To save the ODB data from the cache to disk, right-click Save result on the Mars Retrieval icon and save as 'temp.odb'. A few seconds later an ODB Database icon with the given name will appear at the bottom of your folder.

Using the ODB Visualiser

We will visualise the 500 hPa temperature values from our ODB using the 'vis_temp' ODB Visualiser icon. The query we need to perform is as follows:

select 
  lat@hdr, 
  lon@hd, 
  obsvalue@body 
where 
  varno = 2 and vertco_reference_1=50000

Now edit the 'vis_temp' icon.

First, drop your ODB Database icon into the ODB Data field.

Next, specify the where statement of the query in the ODB Where parameter as:

varno = 2 and vertco_reference_1=50000

Save these settings by clicking the Save button at the bottom-right of the icon editor (or click Ok to save and close the editor).

Right-click visualise the icon to generate the plot. Then drag the the provided Symbol Plotting, Coastlines, Legend and Text Plotting icons into the plot for further customisation.

Inspecting the Data Values in the Plot

Data values at the cursor position can be inspected with the Cursor Data Tool, which can be activated by pressing on the icon in the toolbar of the Display Window. The Cursor Data Tool displays the co-ordinates of the current cursor position and the information for the nearest data point to this position.

You may find hard to use the Cursor Data Tool in data dense regions. To overcome this launch the Magnifier with the icon in the toolbar and move it to your area of interest in the plot. The magnifying glass can be moved and resized using the mouse, and the magnification scale on its left-hand side can also be adjusted.

Enable the sidebar of the Display Window with the button and select the Data tab (and select the 'vis_temp' layer at the top if it is not yet selected). Now select the Metadata panel inside the tab. Here you will find some statistics about the data plotted and a histogram as well.

Now switch to the Values panel. This features a list showing all the plotted data.  In the bottom-left corner click on the button to activate the Data probe (this will appear in the plot). The probe is synchronised with the list. Try to drag it around in the plot, or change its position through the list. The Magnifier might help you position the Data probe more accurately.

Writing a Macro

We will write a Macro to reproduce the same temperature map as we plotted with icons.

Create a new Macro icon (in an empty area of the desktop right-click and select Create new macro) and edit it. First, drag your 'vis_temp' ODB Visualiser icon into the Macro editor just below the line containing the #Metview Macro text.  Next, drag your 'symbol' Symbol Plotting icon into the  editor below the text the editor already holds.
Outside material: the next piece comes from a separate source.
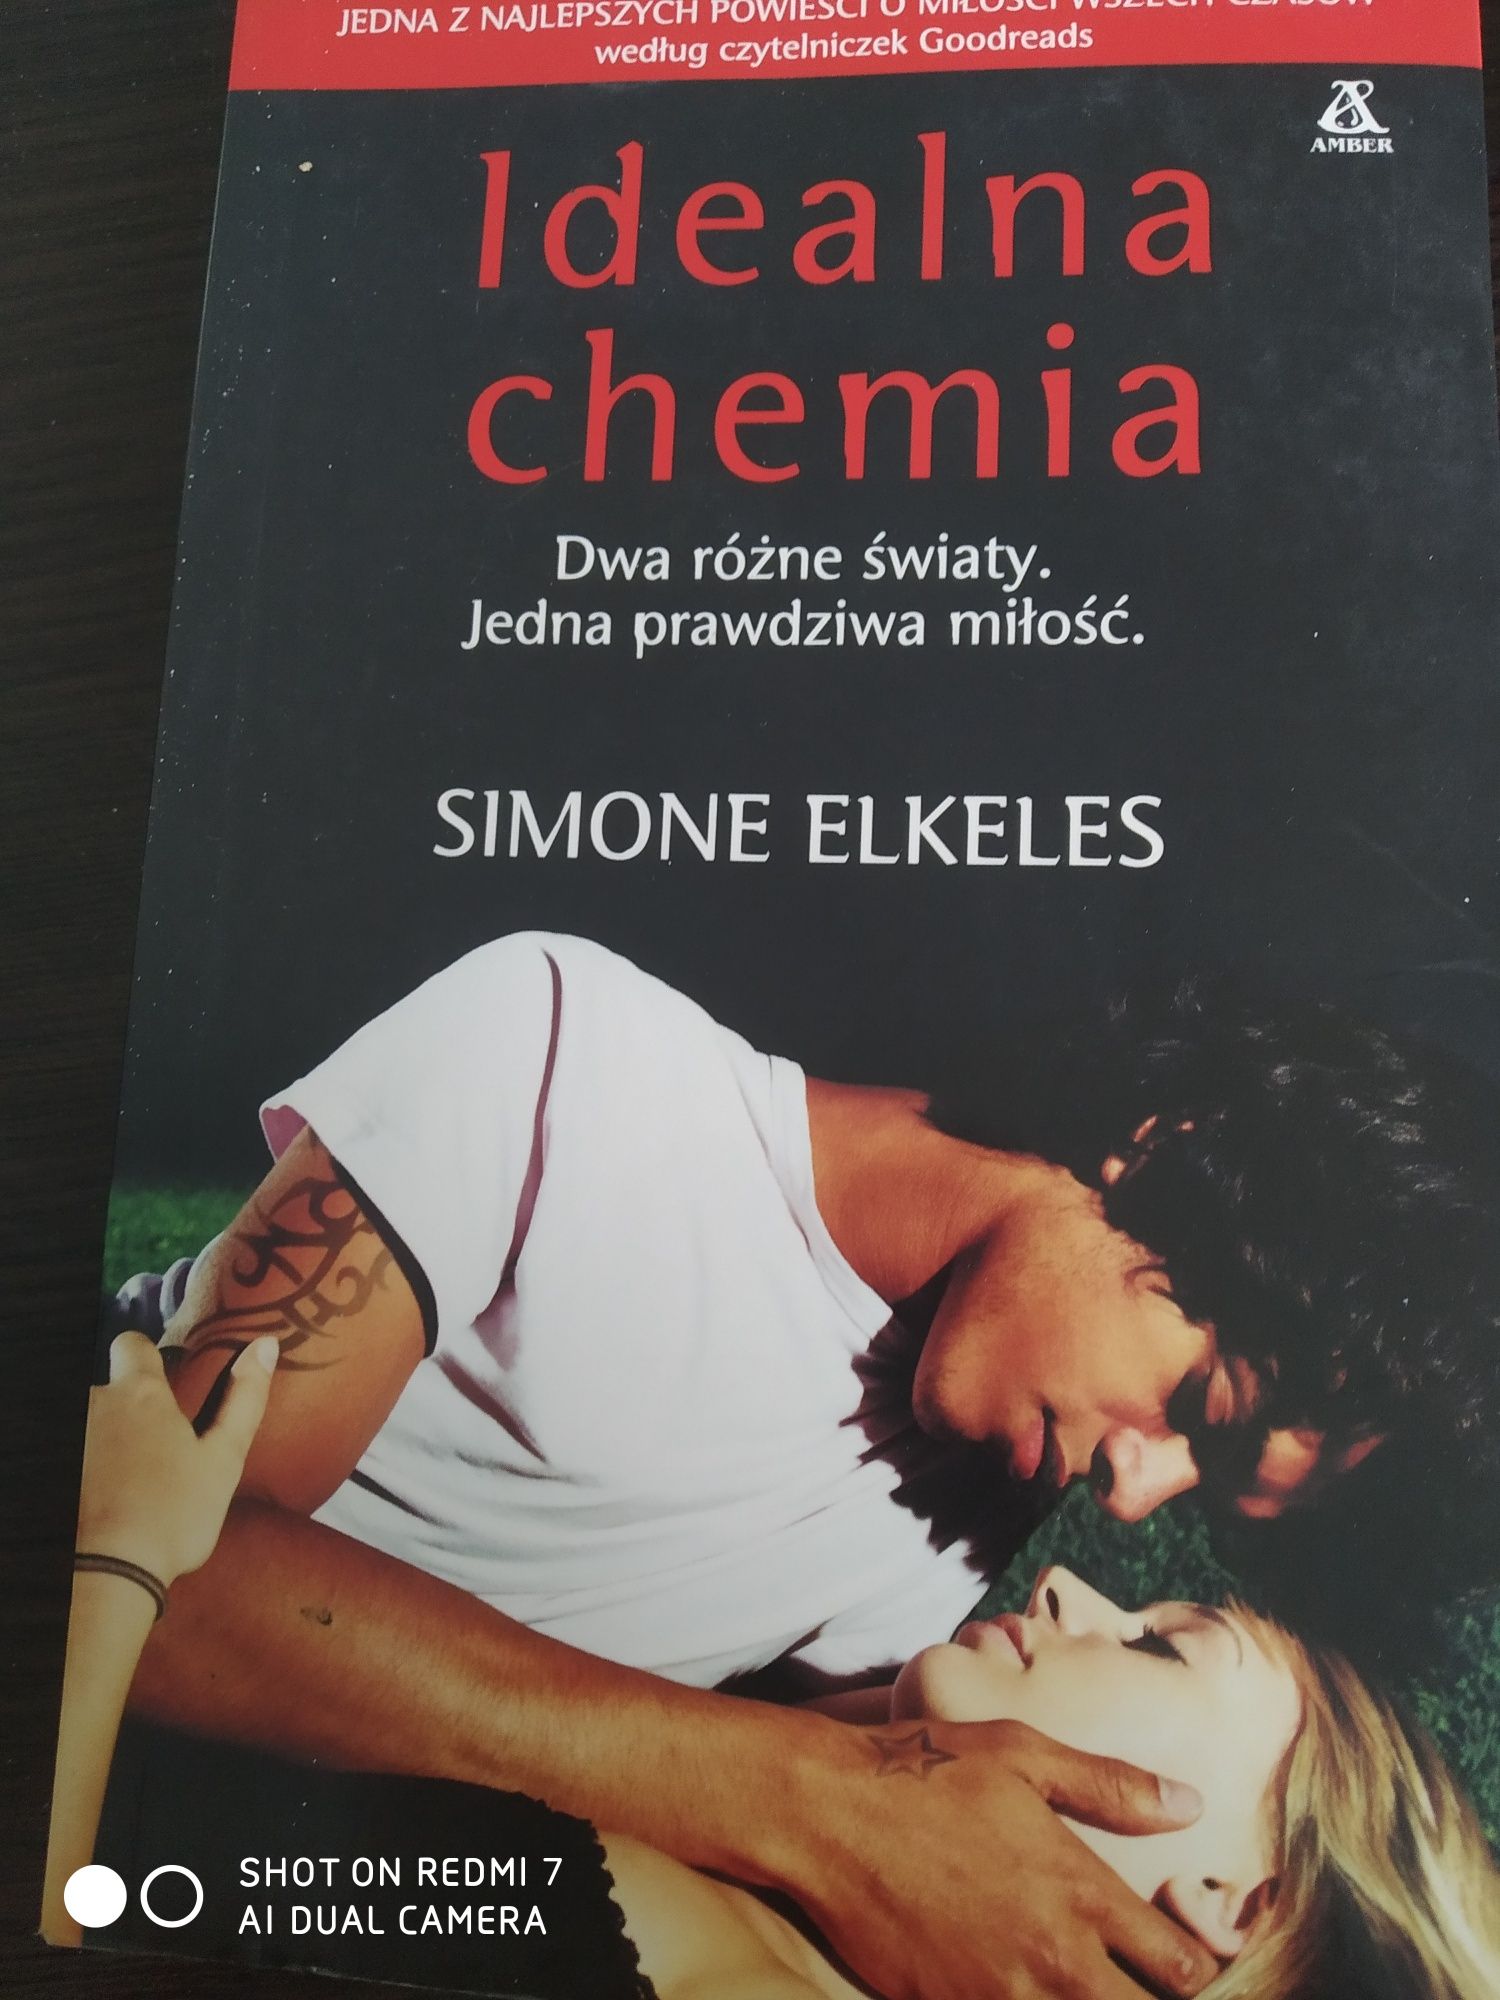 Książka "Idealna chemia" Simone Elkeles

Next, add the following line to the macro:

plot(vis_temp,symbol)

Now click on the play button in the Macro editor to run the Macro. You should see a nice plot popping up. 

A more advanced version of this macro is provided for you as 'plot_map.mv'. It features all the icons we used to customise the original plot, allows selecting the pressure level to plot and automatically adjusts the symbol plotting to current value range.

Overlaying with GRIB data

The 'fc.grib' GRIB icon contains a 12 h global forecast valid for the date and time of our TEMP ODB data. Double-click the icon to inspect its fields with the GRIB Examiner.

Re-visualise the 500 hPa temperature ODB data with vis_temp' and drag the  Symbol Plotting, Coastlines, Legend and Text Plotting icons into the plot again. To overlay the 500 hPa temperature forecast we need to filter the matching filed from the GRIB file. The 't500_fc' GRIB Filter icon is already already set up to perform this task. Just drag it into the plot, then drag the 't_cont' Contouring icon into the plot as well to customise the contour lines.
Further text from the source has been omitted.